- **Assignment**
Every line of the listing below is to be repeated exactly; the pictures stay out.

- **Data segment**
-- -- --

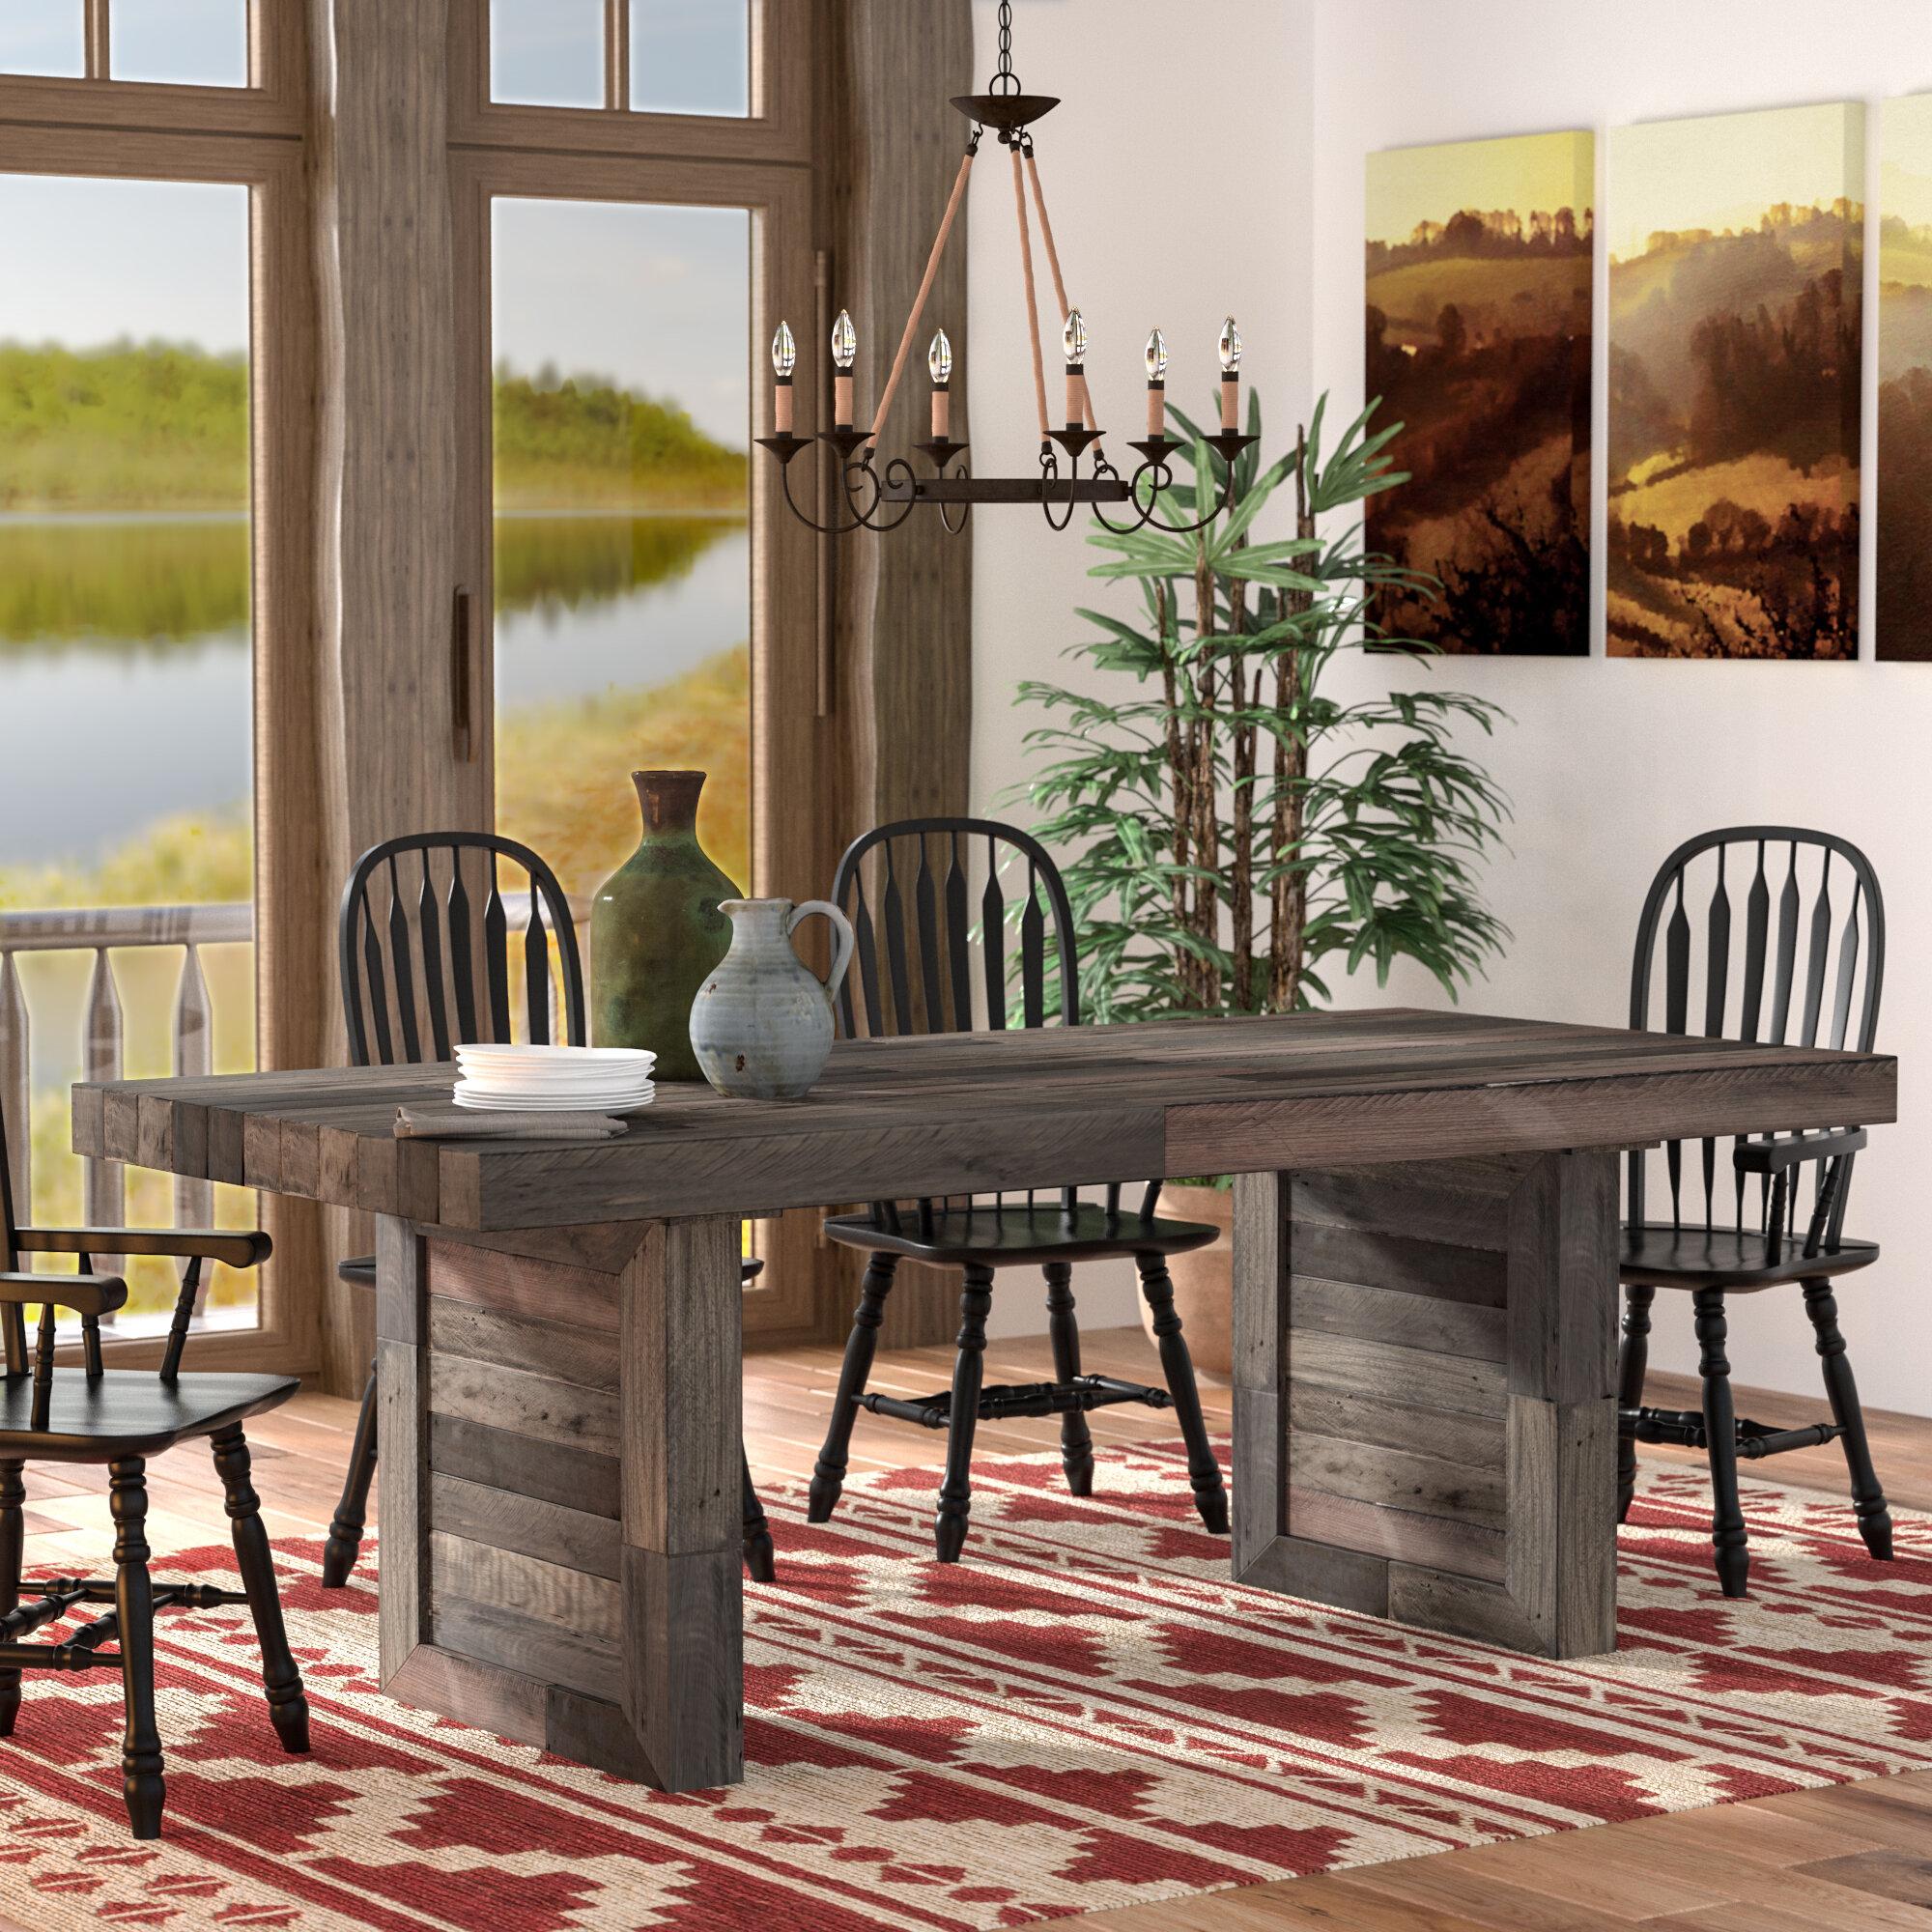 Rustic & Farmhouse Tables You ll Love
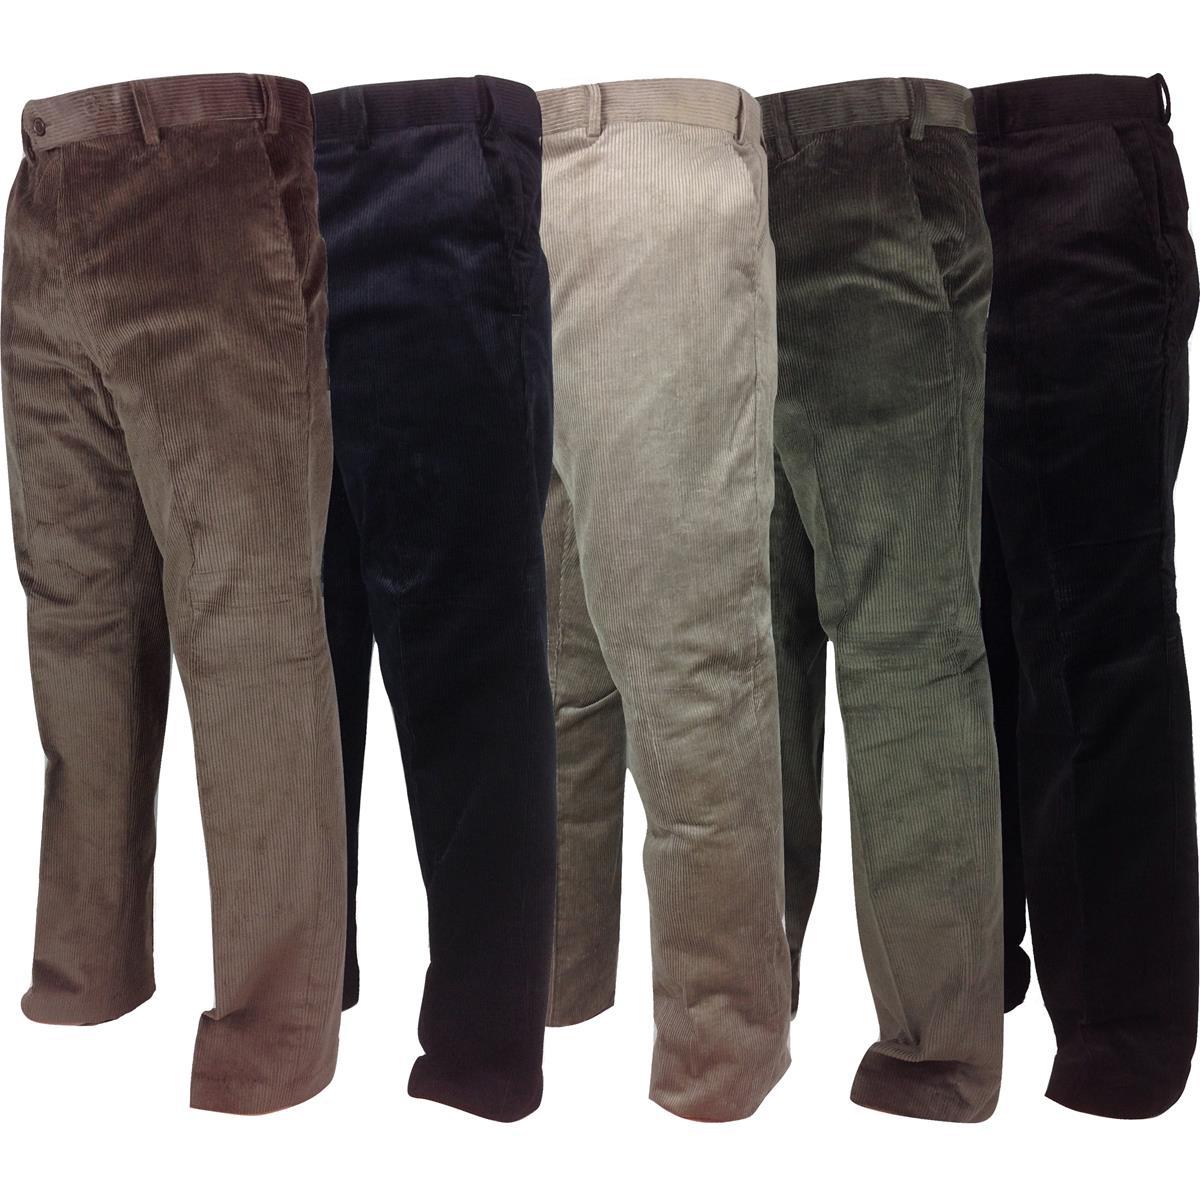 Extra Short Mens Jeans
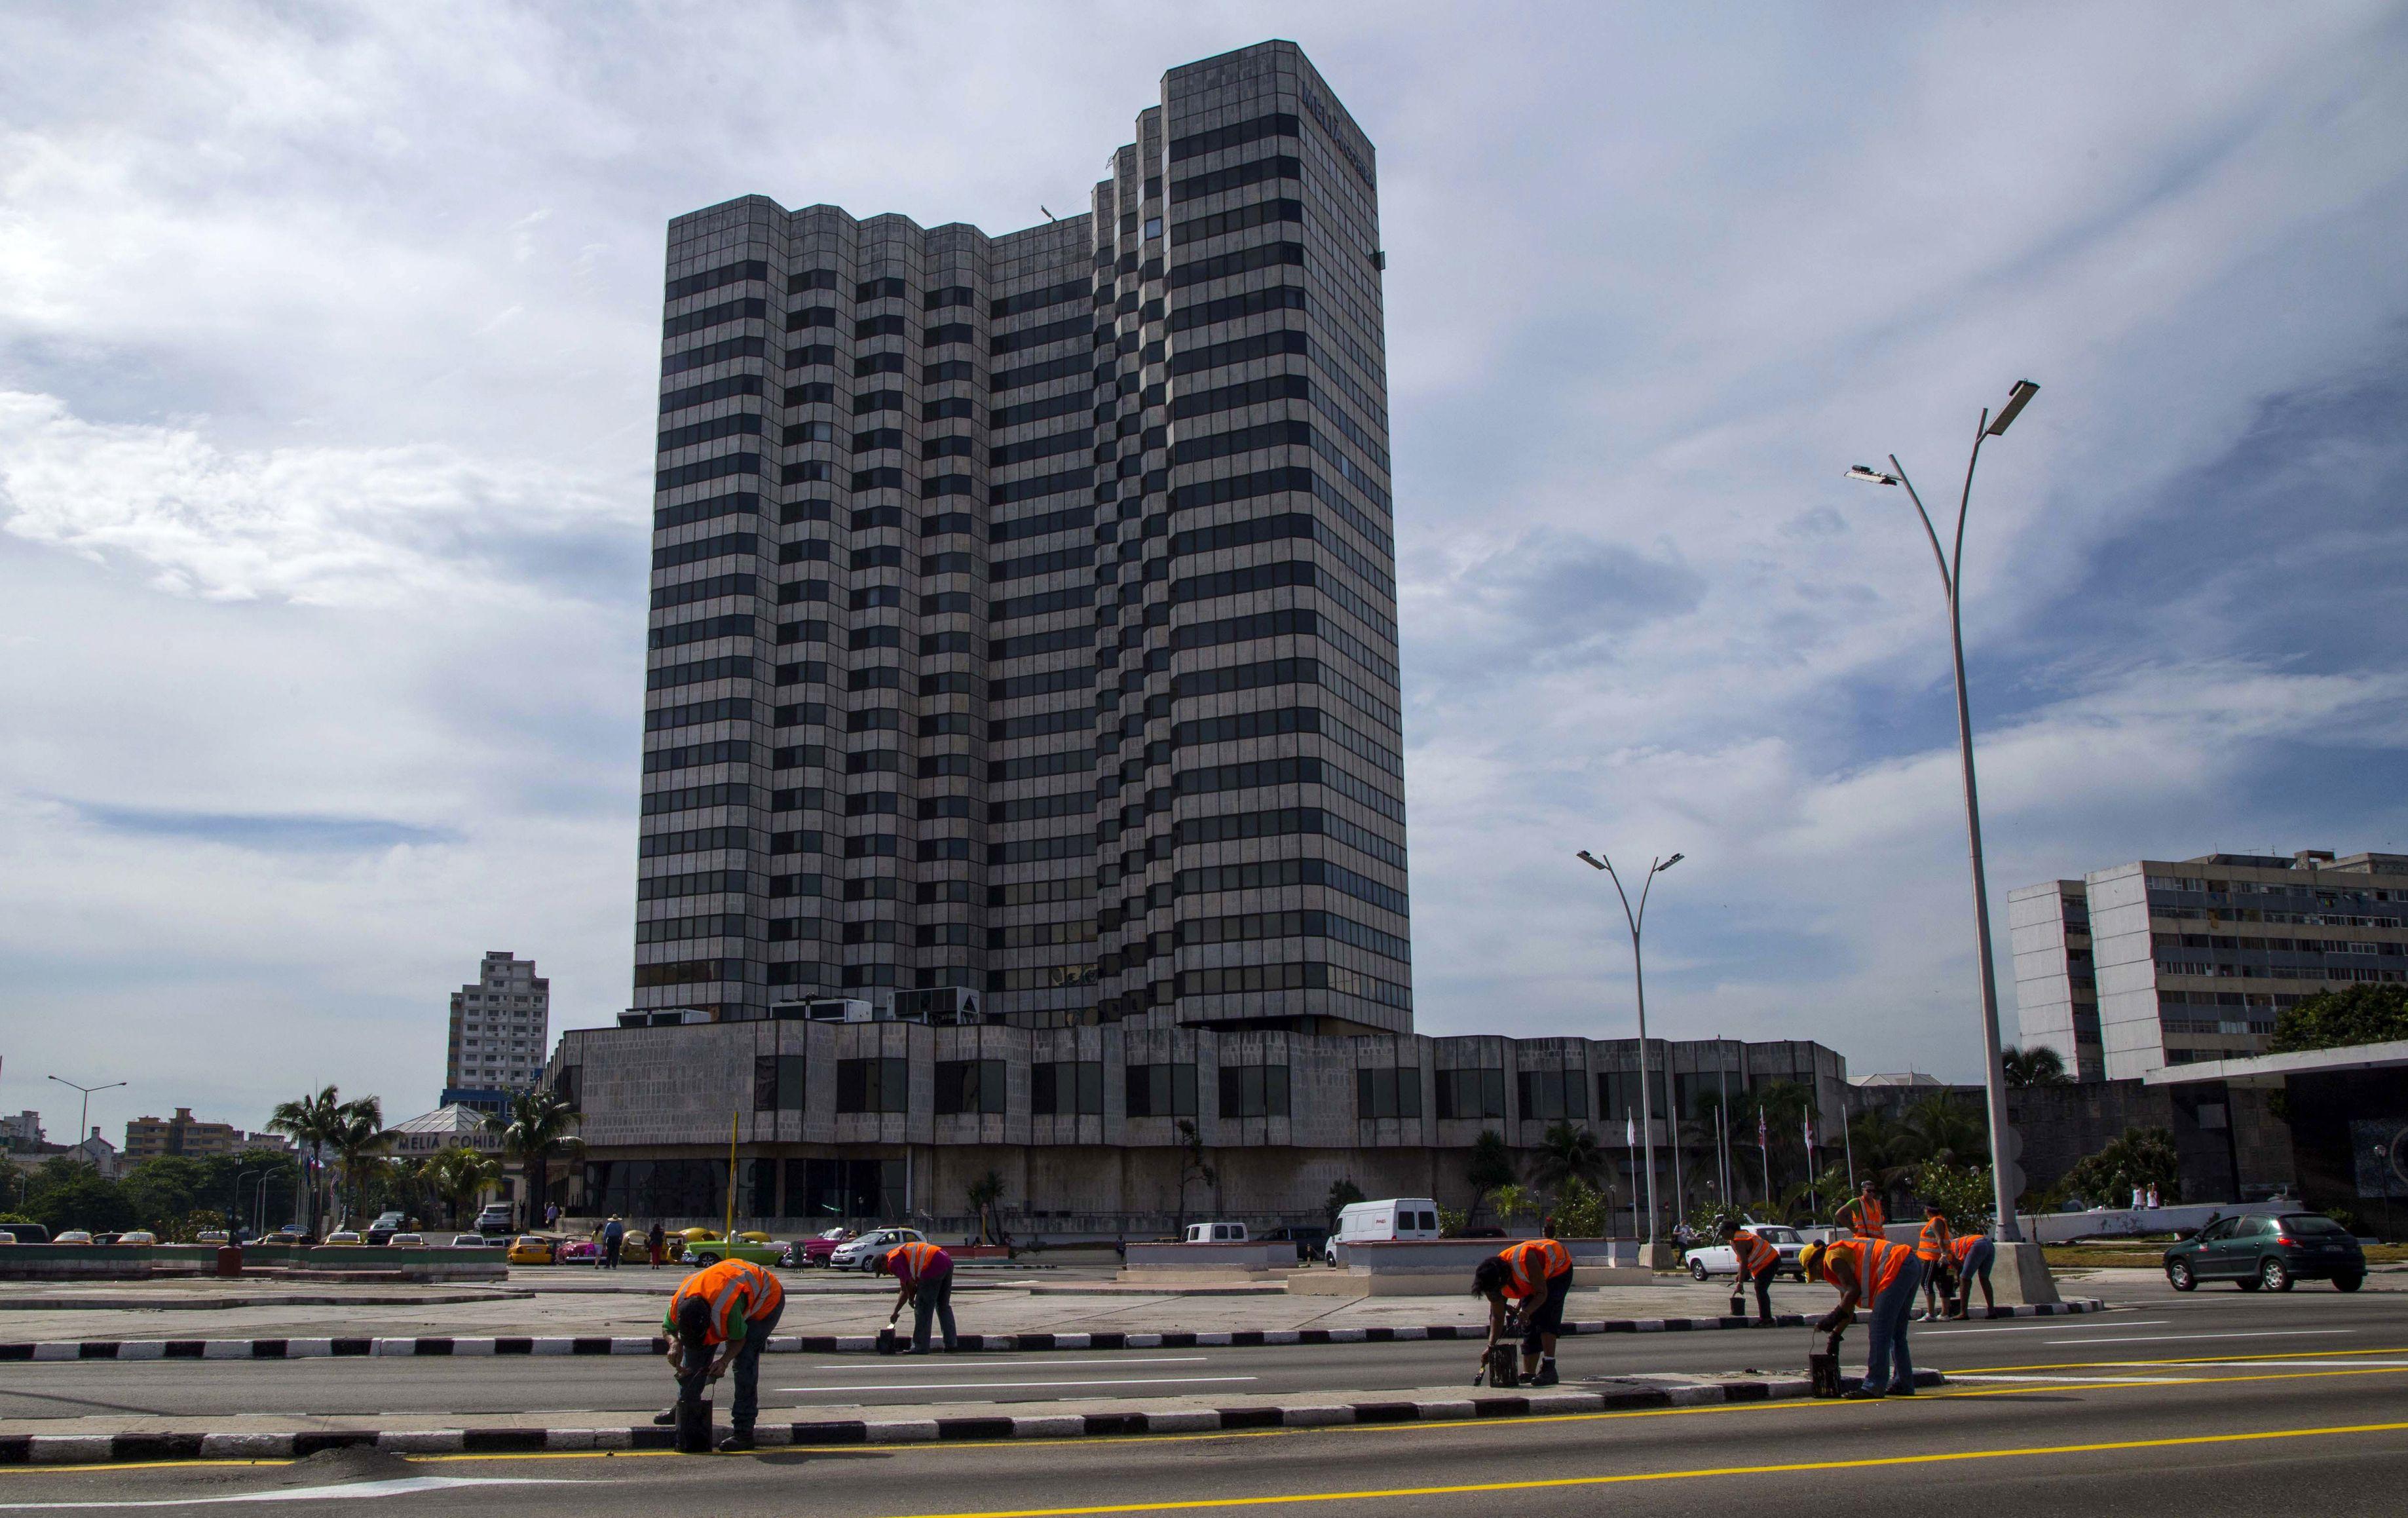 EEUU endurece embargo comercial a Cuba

-- -- --

- **Written solution**
 Rustic & Farmhouse Tables You ll Love
 Extra Short Mens Jeans
 EEUU endurece embargo comercial a Cuba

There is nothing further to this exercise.